Converting ODT Files to TXT in Linux: 3 Command-Line Methods
ODT files often contain formatting that you don’t need. Whether you’re archiving content, preparing text for further processing, or just need readability without markup, converting to plain text is straightforward. Here are the practical approaches and their tradeoffs.
LibreOffice Conversion
LibreOffice’s --convert-to flag handles ODT natively:
libreoffice --headless --convert-to txt input.odt
The --headless flag prevents the GUI from launching, essential for scripting or remote systems.
Output characteristics:
- Preserves all text content and spacing exactly as stored
- Strips all formatting (bold, italic, headings become plain text)
- Maintains code blocks with original indentation
- Fast and reliable for large batches
Example output:
This is an example docx file.
This is a title
This is a heading level 1
This is some text with format: bold, italic and underline.
Also some code below.
int main() {
std::cout << "Hello World!\n";
return 0;
}
For batch conversion:
for file in *.odt; do
libreoffice --headless --convert-to txt "$file"
done
Pandoc Plain Text Output
Pandoc converts ODT to plain text while attempting to preserve some formatting indicators:
pandoc -t plain input.odt -o input.txt
Output characteristics:
- Uses uppercase for emphasized text (BOLD, ITALIC)
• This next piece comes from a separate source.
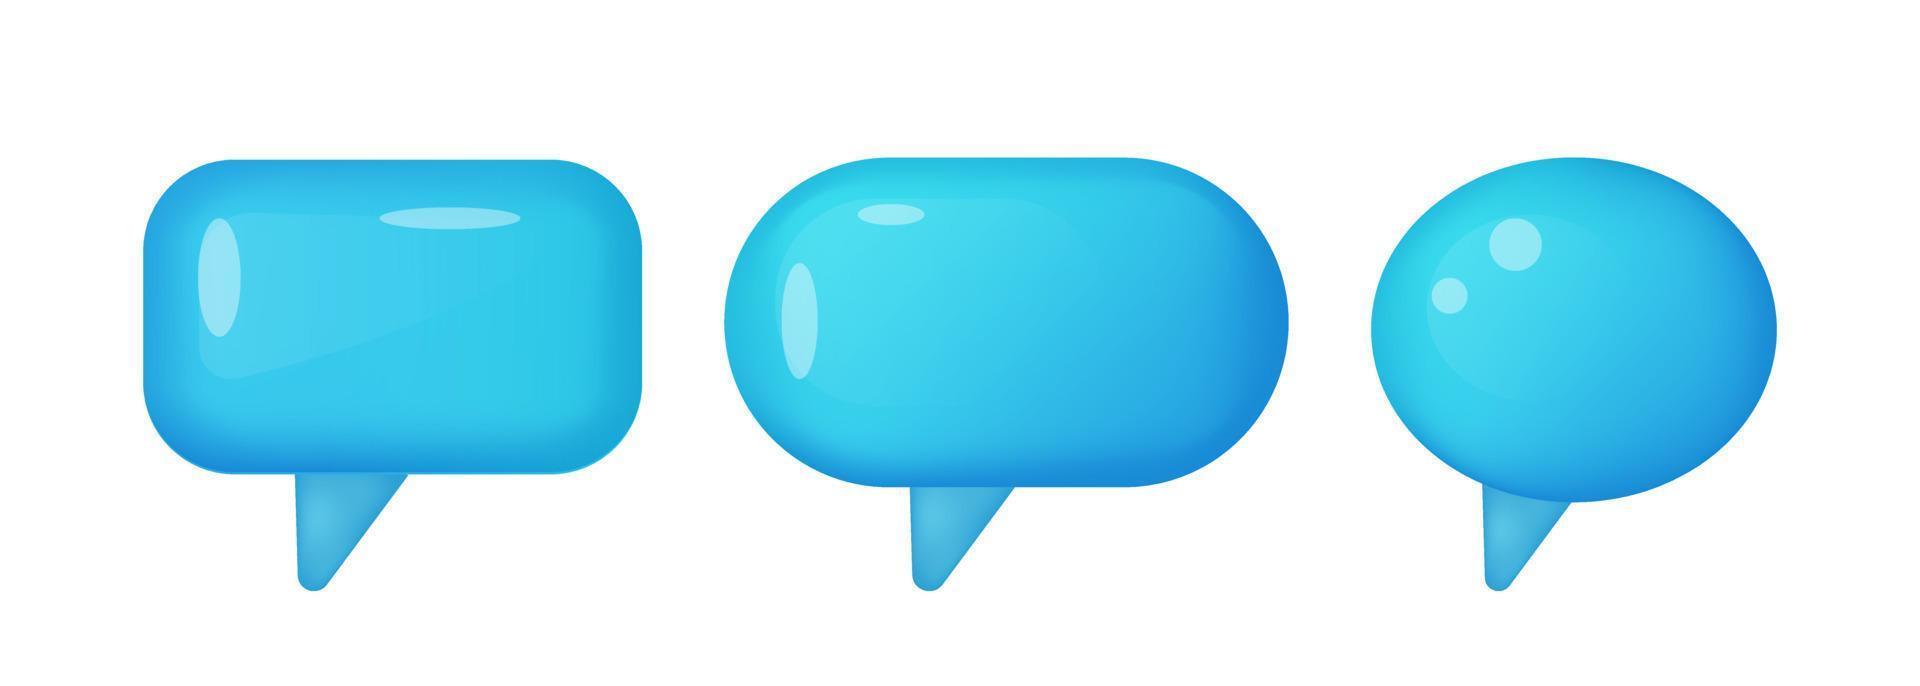 3d azul discurso bolha, social meios de comunicação bate-papo mensagem ícone. vetor

- Underscores for italics:
_italic_ - May collapse whitespace in code blocks
- Good for human-readable text with minimal markup
Example output:
This is an example docx file.
This is a title
THIS IS A HEADING LEVEL 1
This is some text with format: BOLD, _italic_ and _underline_.
Also some code below.
int main() {
std::cout << "Hello World!\n";
return 0;
}
Pandoc to Markdown
For better formatting preservation, output to Markdown instead of plain text:
pandoc -t markdown input.odt -o input.md
Output characteristics:
- Preserves heading structure with Markdown syntax
- Uses
**bold**and*italic*conventions - Code blocks may need manual cleanup
- Resulting file is still plain text but semantically richer
Example output:
This is an example docx file.
This is a title
This is a heading level 1
=========================
This is some text with format: **bold**, *italic* and *underline*.
Also some code below.
int main() {\
std::cout \<\< "Hello World!\\n";\
return 0;\
}
The escaped characters and backslashes in code sections often need manual fixes:
int main() {
std::cout << "Hello World!\n";
return 0;
}
Batch Conversion Comparison
For processing multiple files, create a wrapper script:
#!/bin/bash
# Convert all ODT files to Markdown (preserves more structure)
for file in *.odt; do
output="${file%.odt}.md"
pandoc -t markdown "$file" -o "$output"
echo "Converted $file to $output"
done
Or if you need true plaintext without any markup:
#!/bin/bash
# Convert to plaintext, strip all formatting
for file in *.odt; do
output="${file%.odt}.txt"
libreoffice --headless --convert-to txt --outdir "$(dirname "$file")" "$file"
mv "${file%.odt}.txt" "$output"
echo "Converted $file to $output"
done
Choosing the Right Tool
- LibreOffice: When you need exact spacing preservation and don’t need any formatting hints. Reliable but loses all markup information.
- Pandoc plain: When formatting hints are useful but you want minimal markup. Better for documents with emphasized text.
- Pandoc Markdown: When you might convert back to formatted output or need structure preserved. Markdown is readable and editable.
For complex documents with extensive code, combine approaches: extract code blocks from LibreOffice’s output to fix formatting issues, then manually integrate into Pandoc’s Markdown version for the best result.
Both tools handle large ODT files efficiently. Choose based on your workflow—if you’re archiving, Markdown preserves more information. If you’re extracting text for processing, plain text from LibreOffice avoids formatting noise.